One family’s story

Kęstutis Pikūnas

Book compiler ( „Jonas and Adolfas Mekas. Gyvenimo lai(š)kai”)

Photo credits: Mantas Gudzinevičius

So, this is going to be a book about Mekas? It was usually on this questioning note that my friends would end our conversations when I told them about my soon to be published book’s form and content. Yes, Jonas Mekas was a very famous Lithuanian artist who gained worldwide renown and was often dubbed the “Godfather of Avant-Garde Film”, but, very often, that’s all that we know about him. On the other hand, his youngest brother Adolfas is even less known to us. For decades, the brothers followed in each other’s footsteps and competed among themselves as to whose creations were better, but they were constantly together and very often worked together.

While I was compiling my book, I deliberately chose to focus on a narrative about two brothers in order to get away from lauding any one particular individual and that is why I very consciously left out their personal achievements, films that they created and awards that they had merited. The photographs and letters that I chose create a story that you would seem to have heard or seen somewhere.

The letters that the brothers wrote remind us once again that those people who are often left on the sidelines when one is writing about a success story are often the most important ones in our lives.

Kęstutis Pikūnas

The Mekas brothers spent their childhood in the village of Semeniškiai in the Papilys region, not far from the town of Biržai in northeastern Lithuania. In a rare interview, their mother, Elžbieta Mekienė, said, “You could tell from their very youngest days that those children had a calling that was different from the rest of our relatives. When my Jonas could barely reach the table, he was already saying, “I’m going to be a writer…a writer of truth.” And, after the animals on the farm were asleep, I would see Jonas and Adolfas playing soldiers. They would line up two armies – one made out of sticks and the other out of small stones – and play.”

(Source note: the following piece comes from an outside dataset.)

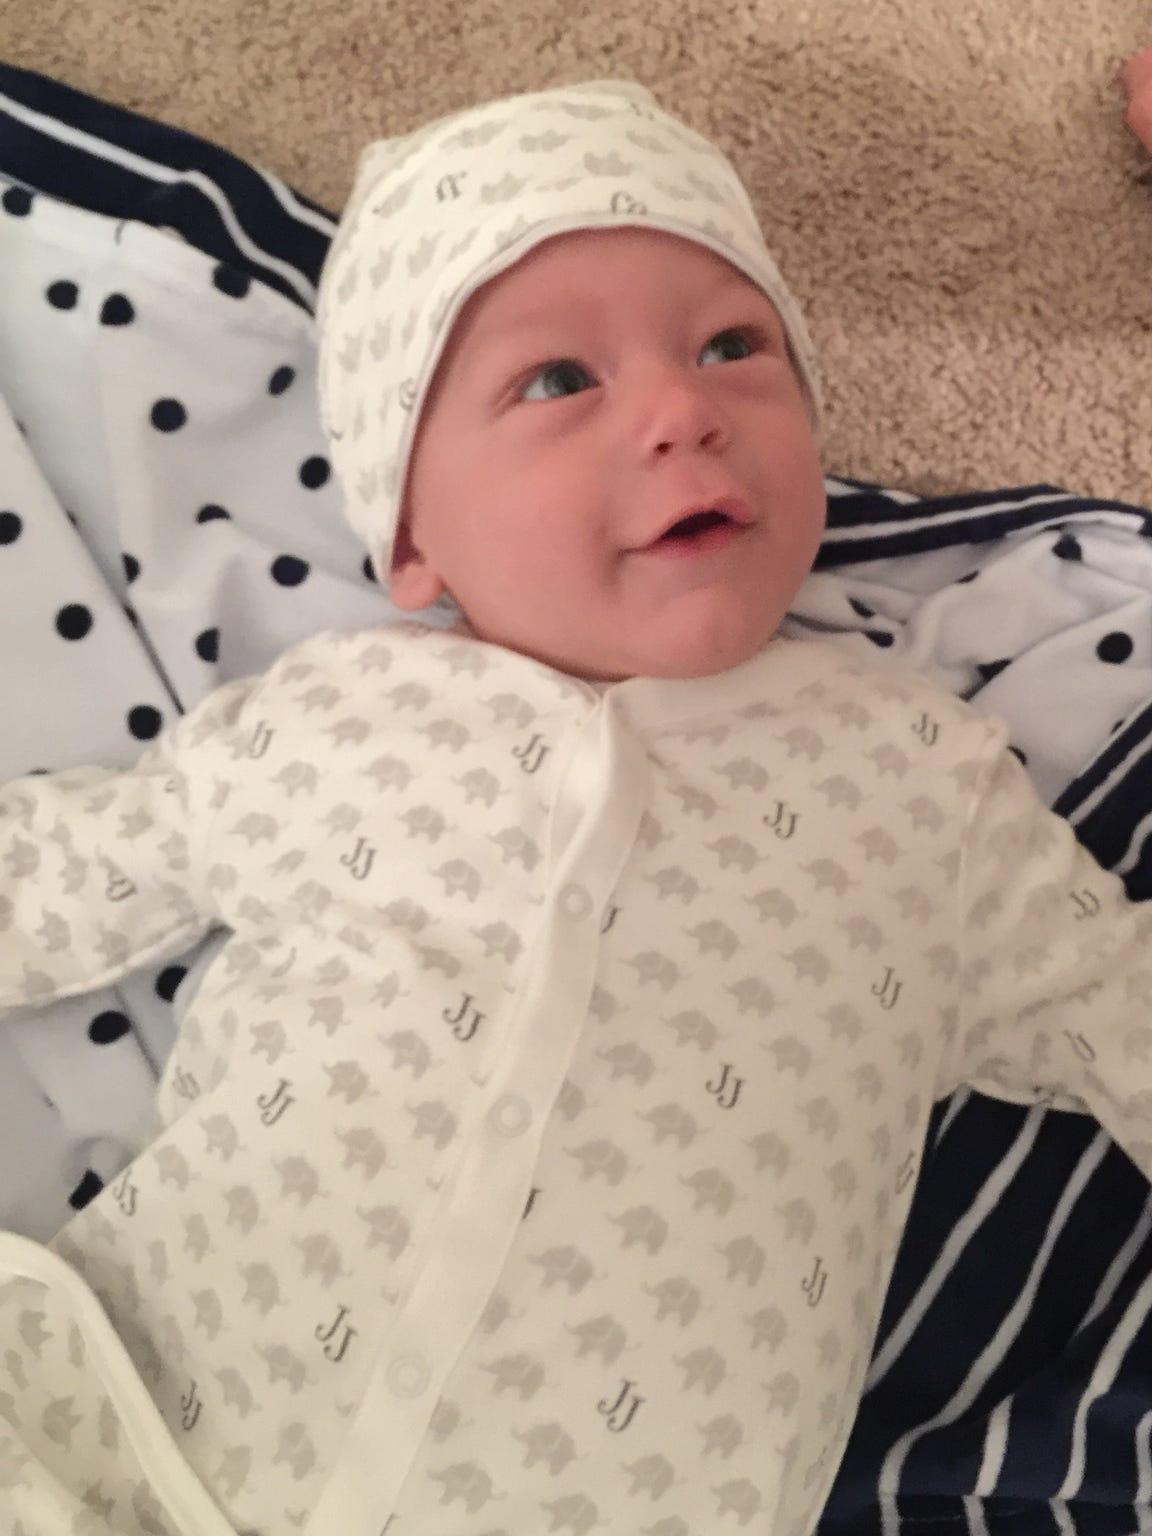 """Baby Em"" Kampen died Feb. 1 due to Leigh's Disease,"

During the fateful year of 1944 in Nazi occupied Lithuania, Jonas and Adolfas were living with their well-known uncle, pastor Povilas Jašinskas of the Biržai Evangelical Reformed Church, in the attic of the rectory where they had a typewriter on which they would transcribe hand-written texts for the underground press. One night, their typewriter disappeared from the stack of logs in which it had been hidden. This did not bode well for the brothers. Without further delay, they decided to leave Lithuania. During their journey through Germany, they were taken as prisoners of war by the Nazis and sent to a forced labor camp in Elmshorn.

The Mekas brothers were later released to a Displaced Persons (DP) Camp in Wiesbaden where they continued their search for their own unique path and original means of expression. Constant hunger was not able to stifle their youthful enthusiasm and desire to create. Among a variety of other activities, Jonas and Adolfas began to publish Glimpses, an avant-garde non-periodical cultural magazine with a group of friends with the same destiny. After being transferred to another DP camp in Kassel, Jonas wrote his collection of poems Idylls of Semeniskiai, widely considered to be one of his most important literary works.

Kęstutis Pikūnas

In 1949, after five years in Germany, in a letter to fellow writer Algirdas Landsbergis Jonas writes:

Jerome Algirdas! On Tuesday, Adolfas and I will set sail on the USS General Howze together with 1,300 other DPs. <…> Everything went so smoothly that it surprised us. It would be good if we could meet for a day or so in New York to wander around. That’s one mission. If you’re not at work when the ship arrives, perhaps you could meet us? Even though I don’t know the rules ifwe’ll be allowed to stay there for a day or two. I’ll try to find out. I’m not sorry either to leave the bogs of Europe. I’m only sorry about Indian summer in this flat land of windmills and piles of pulled up beets. And the forests are already falling, it’s brown and yellow everywhere – the entire palette of autumn is laid out in the stalls of markets and the endless fields. So, I do feel a bit sorry when I’m walking around. The devil only knows what those autumns are like in America and what are the colors and fruit and fog, and wind, and horizons and whether they have Indian summers and if there are stacks of flax in the fields and windmills with their four wingssplayed across the sky. So, I’ll soon be able to see everything for myself.”

The desire to “wander around” led the brothers to a world in which you need to live in the “here and now.”

***

P.S. In answer to the question as to whether this book is about Mekas. Probably not. It’s not about Mekas, but about the Mekas Mecca of Semeniškiai. A place, where, most likely, there is room for everything.